И опять полетели ночи без сна, где осторожная мелодия последней электрички метро означала начало вечности – а станковый грохот первой, утренней – с мучительной неотвратимостью вновь начинал ей отсчитывать местное, земное время. И нужно было войти в эти узкие ворота вместе с невмещающимся ни в какие рамки грузом читаемого, чувствуемого, проживаемого, воображаемого, предчувствуемого – самого важного. Когда спустя некоторое время – через несколько месяцев – она оглядывалась на этот набитый до отказу отрезок жизни – именно эти бессонные ночи с книгами казались ей той кодирующей нотой, той зачаточной музыкальной темой, которые и задавали мелодию, шаг, ритм всей ее жизни.

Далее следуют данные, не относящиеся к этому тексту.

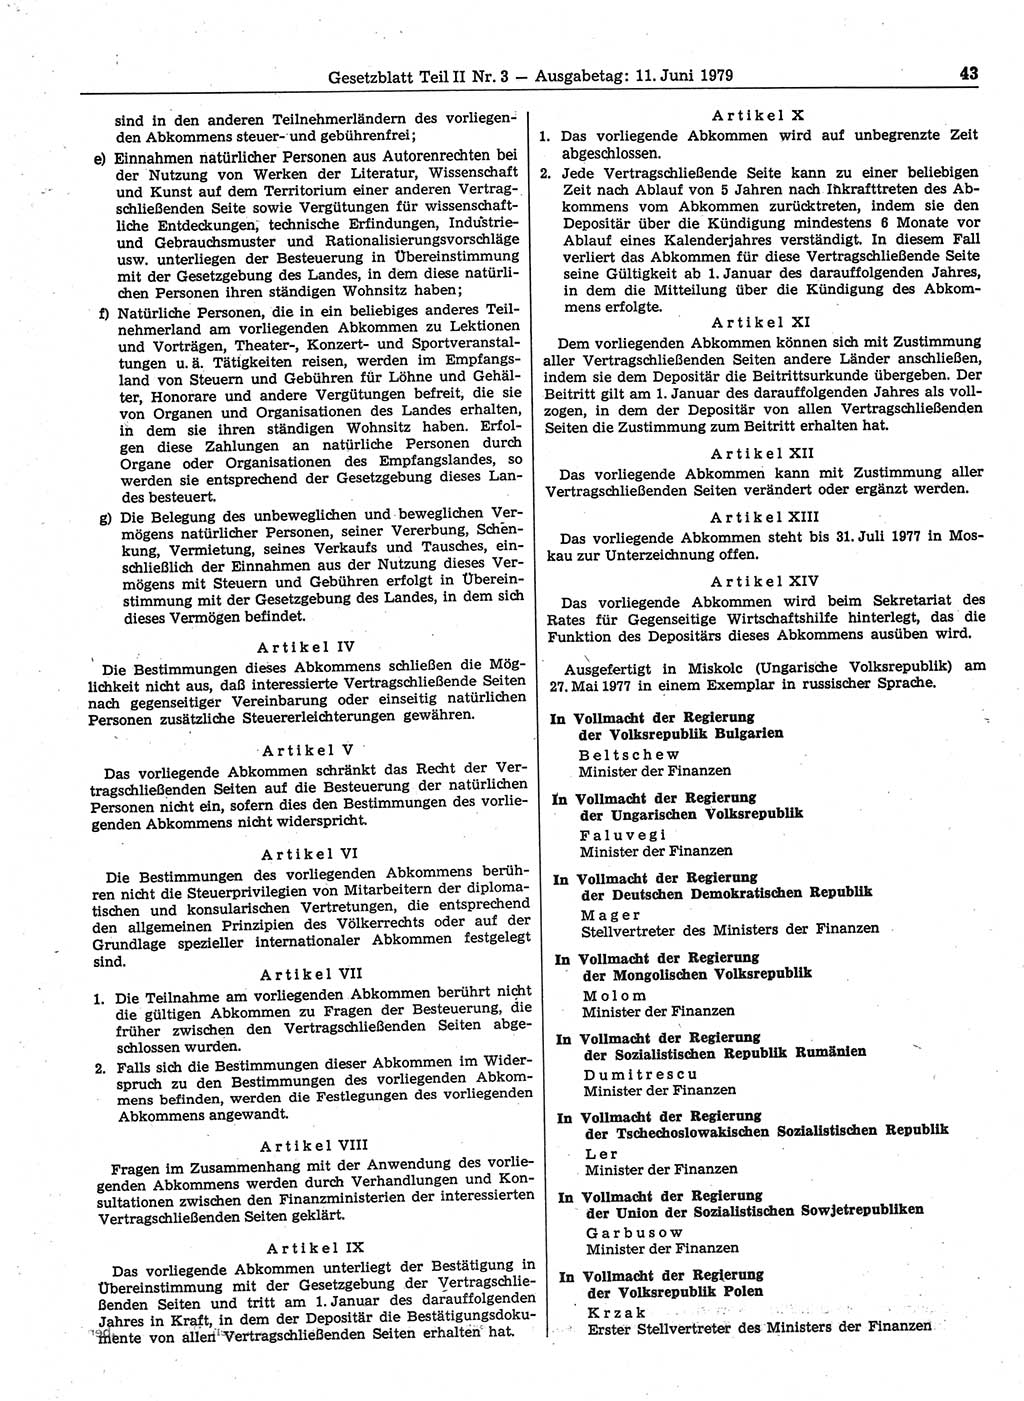 Gesetzblatt (GBl.) der Deutschen Demokratischen Republik (DDR) Teil ⅠⅠ 1979, Seite 43 (GBl. DDR ⅠⅠ 1979, S. 43)
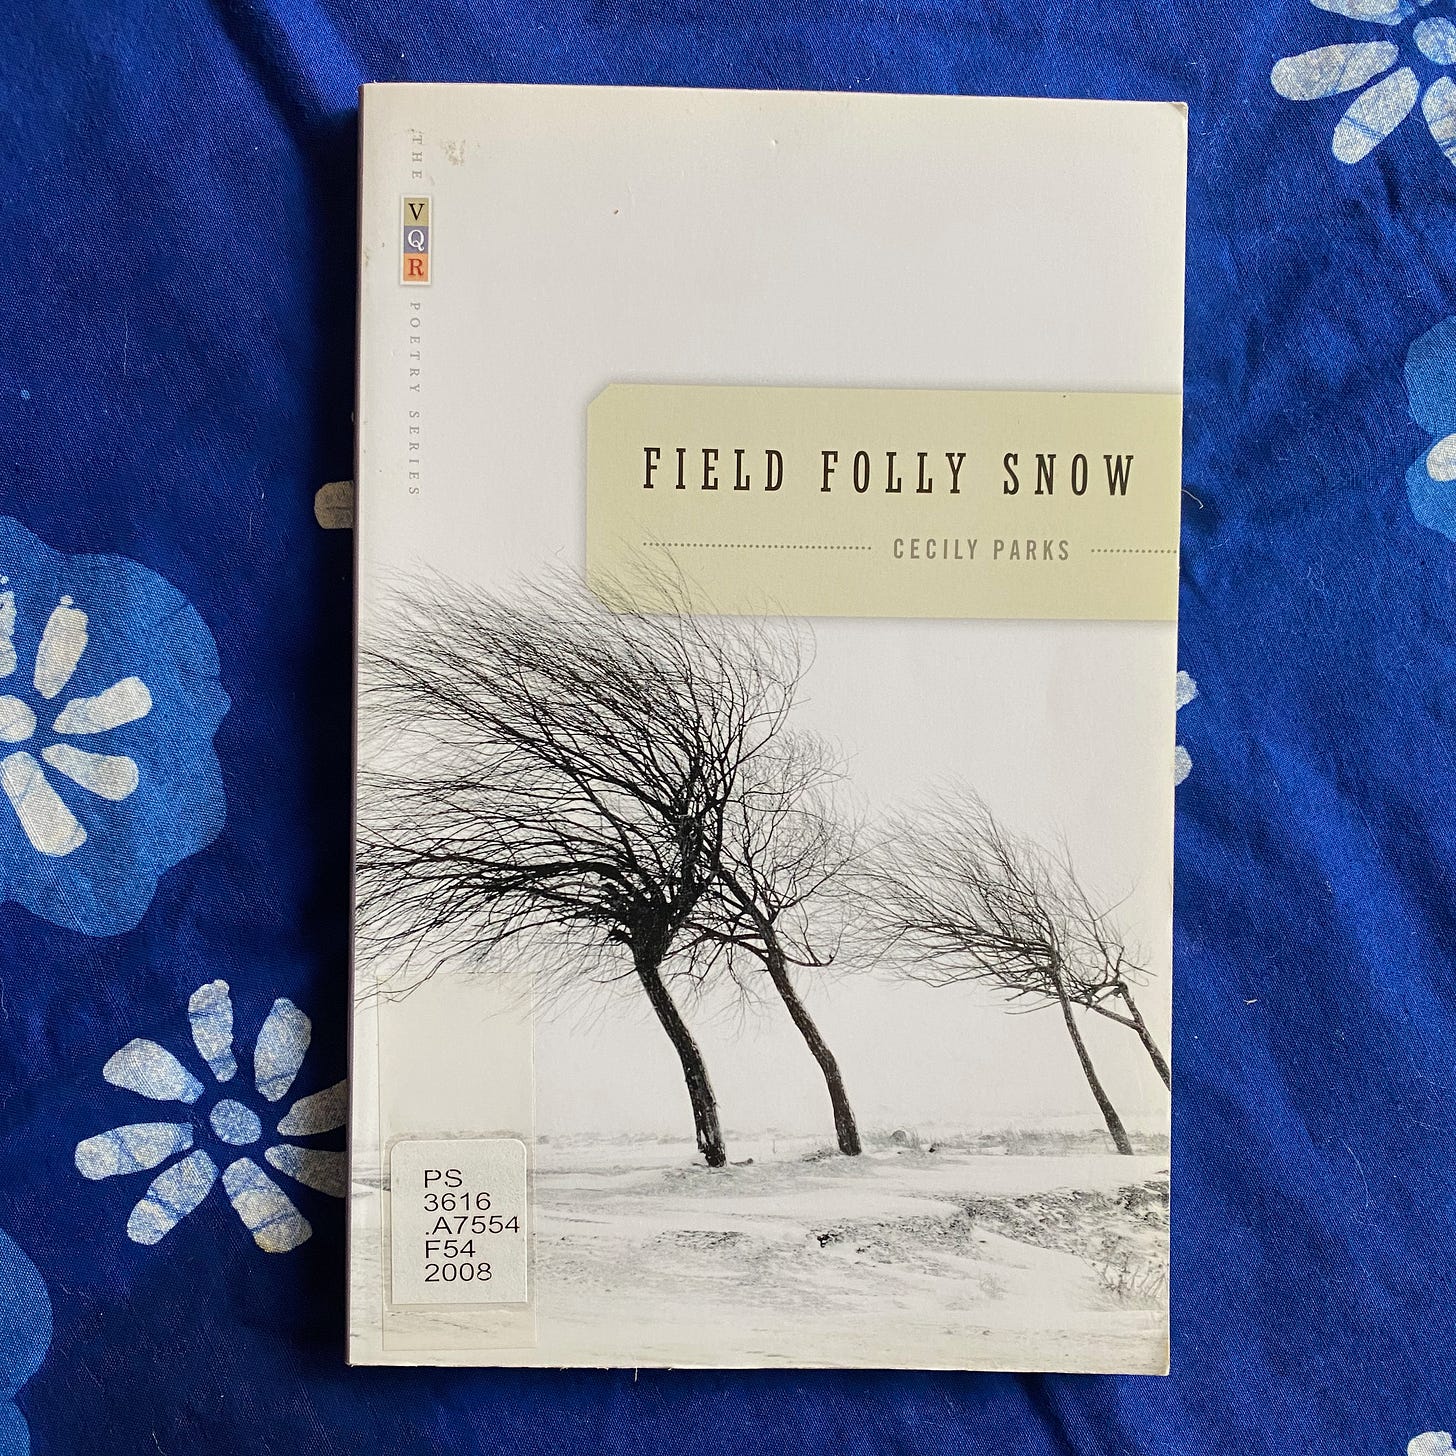 Field Folly Snow on a blue tablecloth.

Утром небо было такого мутного состава и цвета, словно туда вылили (взболтав закон притяжения, и опрокинув чашки) все настоявшиеся за ночь опивки от напитков, испитых горожанами накануне – кофе, чай, дешевые вина. Елена заставляла себя вставать, приходила в школу и, с блаженным недоумением, разглядывая метавшегося у доски с мелом физика Гария Ивановича (лысина которого, когда он долго не брил ее каемки, сзади, окружена оказывалась довольно причудливой формы мельчайшей седой порослью – как посеребренный лавровый венок; и Елена всегда про себя поэтому называла его: Гай Иванович), думала: "Ну и нафига мне в жизни сдался этот его второй закон термодинамики?! Я же Гаю Ивановичу своих интересов не навязываю!"